Mr Threlfall was short and stout and walked with an odd bouncing gait like an Indiarubber ball. He was checking in the latest arrivals, carrying a clipboard in his left hand and a pencil in his right, but he waved when he saw Sis and called out that he’d be with her in a minute.
‘Brought you a new clippie,’ Sis called, when he came bouncing across the yard to them. ‘If you still need one.’
He tucked his pencil between his cap and his ear. ‘Still need two, as a matter a’ fact,’ he said, and then turned at once to his new applicant. ‘Done much a’ this sort a’ work have you?’
‘No,’ Barbara had to admit. ‘Afraid I haven’t.’
‘She’s from Norfolk,’ Sis said. ‘Married our Steve.’
Now he’ll notice my accent and think I’m a country bumpkin, Barbara thought, and she wished her new aunt didn’t have to be quite so outspo
ken.
Mr Threlfall smoothed his greying moustache thoughtfully, right side, left side. ‘Need a bit a’ training then,’ he said. And before she could open her mouth to point out that she was quite prepared for it, he asked, ‘When could you start?’
It was all so quick. ‘Tomorrow,’ she told him, covering her surprise by boldness.
The boldness pleased him. ‘Capital,’ he said. ‘You can follow Mrs Phipps around for a day or two. See how you get on. She’ll show you the ropes. There’s nothin’ to it really, once you get to know the fare stages. You’ll soon get the ’ang of it.’

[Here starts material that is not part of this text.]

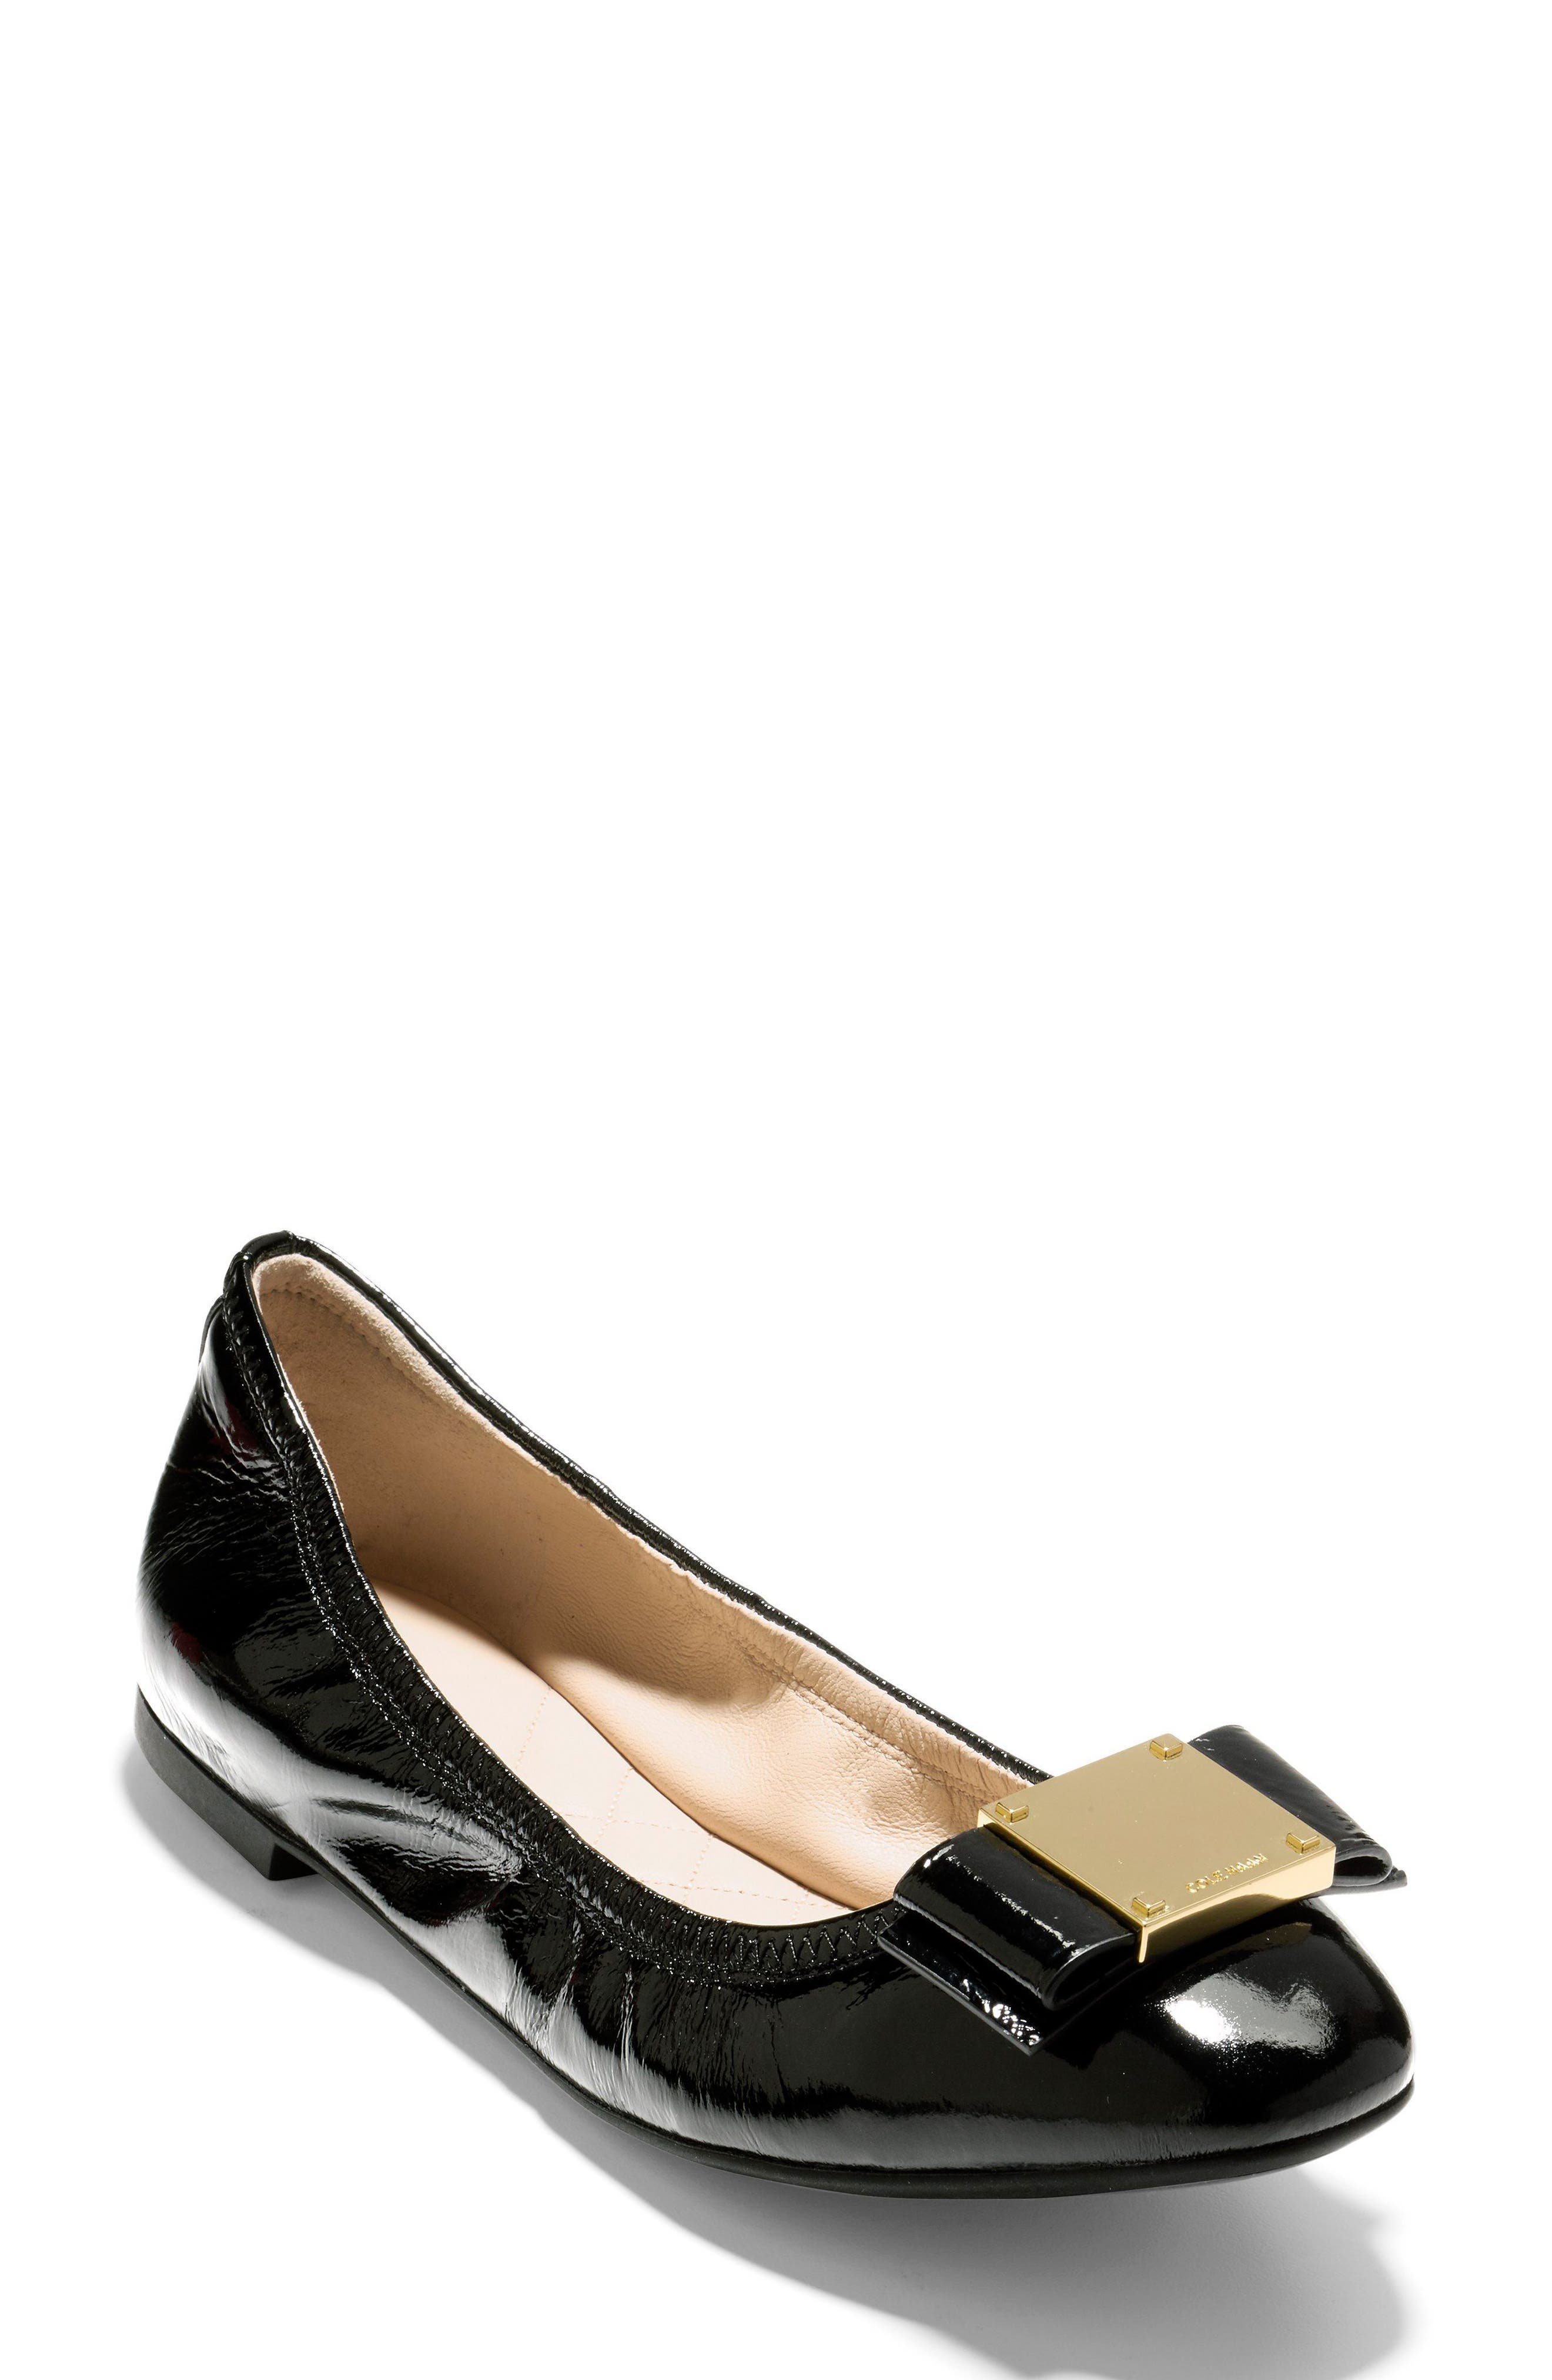 Tali Modern Bow Ballet Flat,                         Main,                         color, Black Patent

They’re all so quick and confident here, Barbara thought, watching as two trams buzzed out into the evening sun, one after the other. And she made up her mind that that was how she would be too.
But the next day, when she reported for duty, she felt very far from confident although she put on a brave face. It seemed to her, as she stood beside the office waiting to be given her orders, that she was the only person in that vast place who didn’t know what she was supposed to be doing, and her ignorance made her feel insignificant and small, as though she’d shrunk to half her size. But she’d made her decision and she’d manage, somehow or other. No matter what she might be feeling, there was no doubt about that.

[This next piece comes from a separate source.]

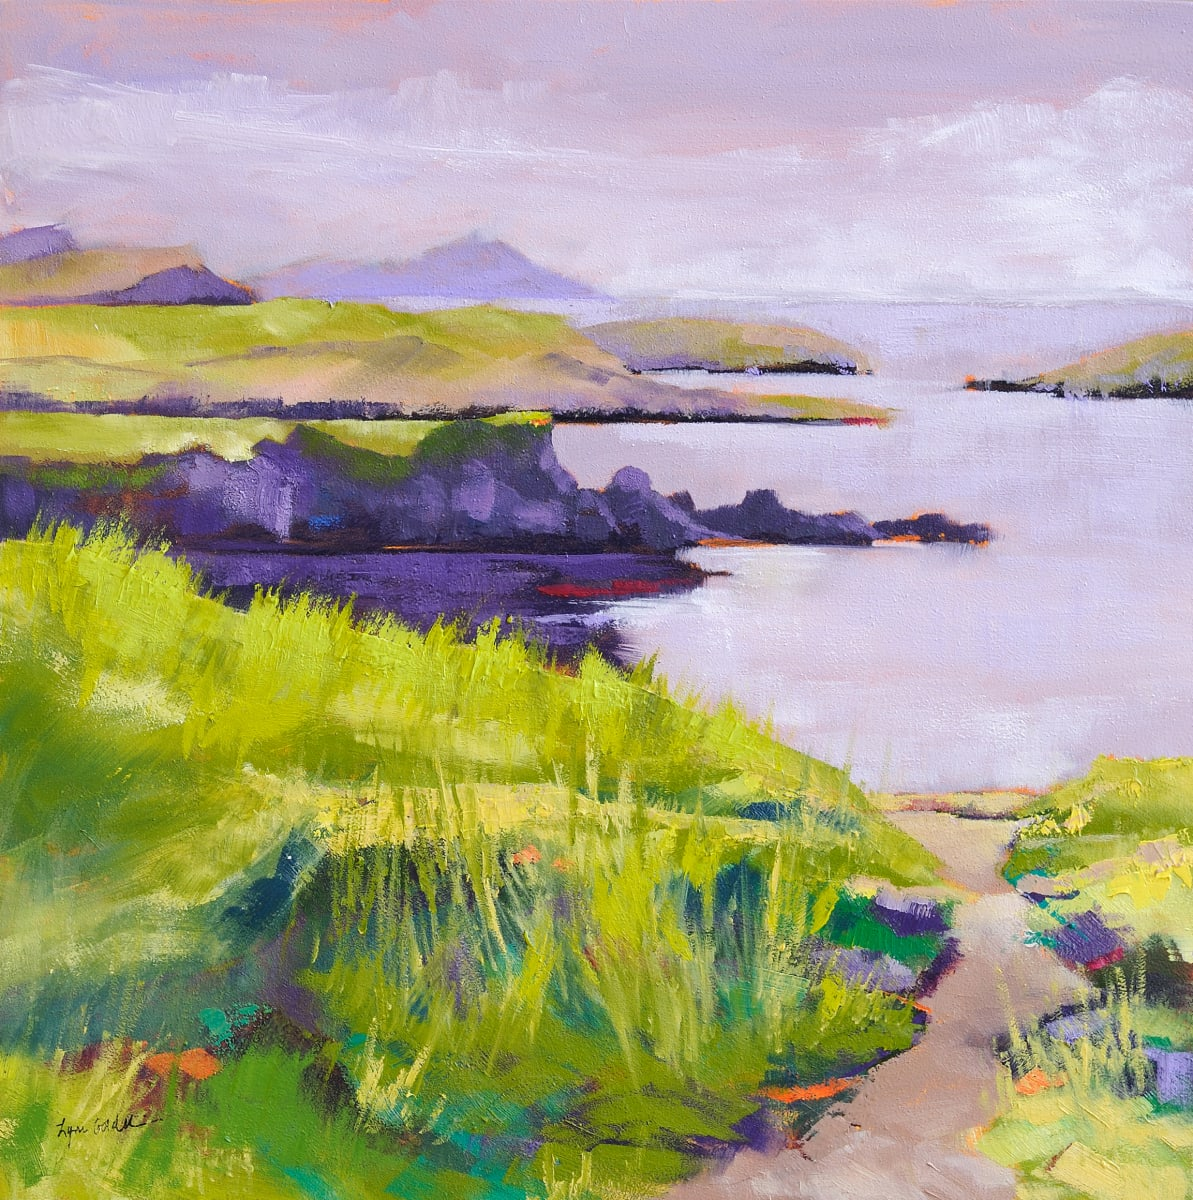 A Spur of Land by Lynn Goldstein

Mrs Phipps turned out to be a small, skinny woman in her forties who brisked out of the office and told her that she’d soon pick things up, which was reassuring, and to come this way, which was aboard the third tram along. But it was a bewildering ride, for she assumed that Barbara knew the fare stages because she lived in the area, and she did everything so quickly it was hard to keep up with her. I’ll need a map, Barbara thought, as she followed her mentor about. But she could hardly keep looking at a map when she was supposed to be punching tickets. And as the journey continued, she was alarmed by how many passengers asked for directions and wanted to be told when they’d reached their stop. Mrs Phipps knew every stop and every street and could give directions and sell tickets at the same time. But how would she manage to do it?
That night she wrote a long letter to Steve. A long careful letter, for she’d decided not to let him know how nervous she’d been. That would only worry him and she’d soon get over it. So she told him that she’d started the job and learnt how to clip the tickets and that she was feeling quite at home on her great rocking vehicle. ‘That’s like a ship at sea,’ she wrote, ‘the way that moves. Good job I come of a family of fishermen and I don’t get sea-sick!’